2010-05-05 19:26:11,925 [1 ] INFO Application.App.OnShowLoginMessage(194) - Loading Main Window Handlers...
2010-05-05 19:26:11,932 [1 ] INFO Application.App.OnShowLoginMessage(194) - Loading Main Menu...
2010-05-05 19:26:11,949 [1 ] INFO Application.App.OnShowLoginMessage(194) - Initialization Complete.

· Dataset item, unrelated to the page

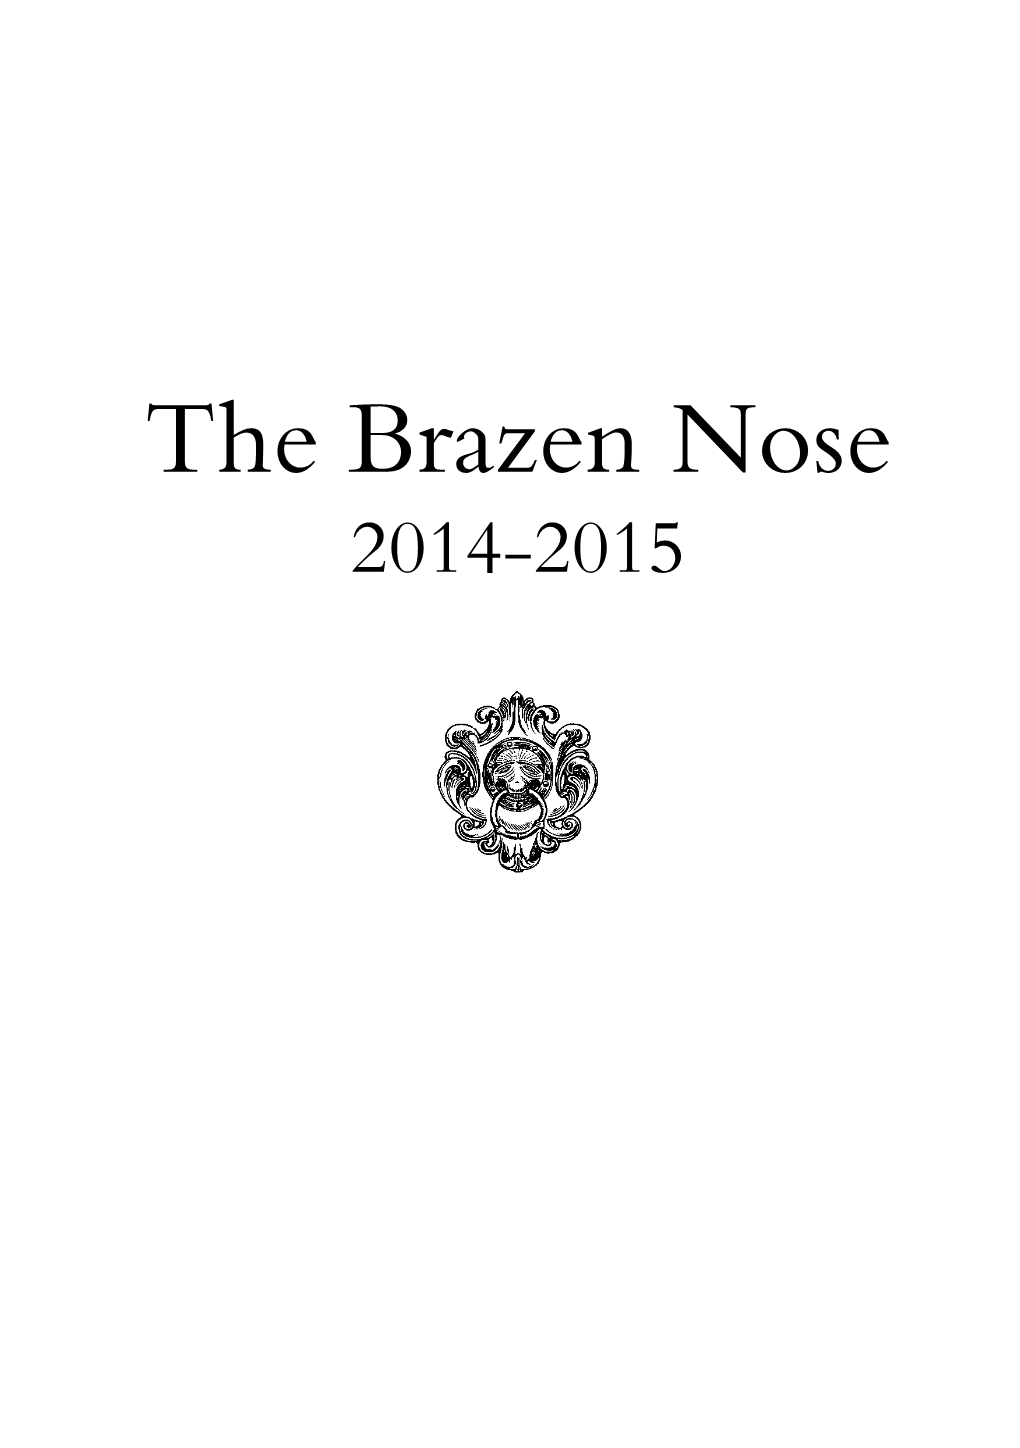 The Brazen Nose 2014-2015

2010-05-05 19:26:13,662 [1 ] INFO Framework.ProductSearch.Search(342) - User entered term: <>
I'd like to be able to to parse these logs server side (either when they're uploaded or nightly) to extract either exceptions (which always log at ERROR or FATAL) or other specific log messages like:
2010-05-05 20:05:24,951 [1 ] INFO Framework.ProductSearch.Search(342) - User entered term: <kavo>
to get the 'kavo' term so we can find out what people are really searching for.
I've tried parsing the text by hand (using String.Split() and similar methods) but it really feels like I'm reinventing the wheel.
Is there a nice library to do this kind of log extracting?
You could use Microsoft's Log Parser (Download here). The tool also exposes a COM interface that will let you access the results programmatically. This blog post has a small (partial) instructions for doing that with version 2.1.
So now instead of feeling it is reinventing the wheel, you probably feel like it is over-engineered. ;)
can log4net not read it's own format patterns? Once it reads the format back in, can't you then parse just the %message% section?
A better question maybe why you don't just write that search term to a database at the same time you make the log call or have another log file through log4net that just logs the %message% and all you write to that log is the search term? I really don't think you want to be parsing logs if you can avoid it...at least going forward.
This looks like a typical case of .NET regular expressions
This way you can search for patterns like "User entered term: ". You can extract the group match afterwards
We ended up simply outputting XML as our log format and it became trivial to parse.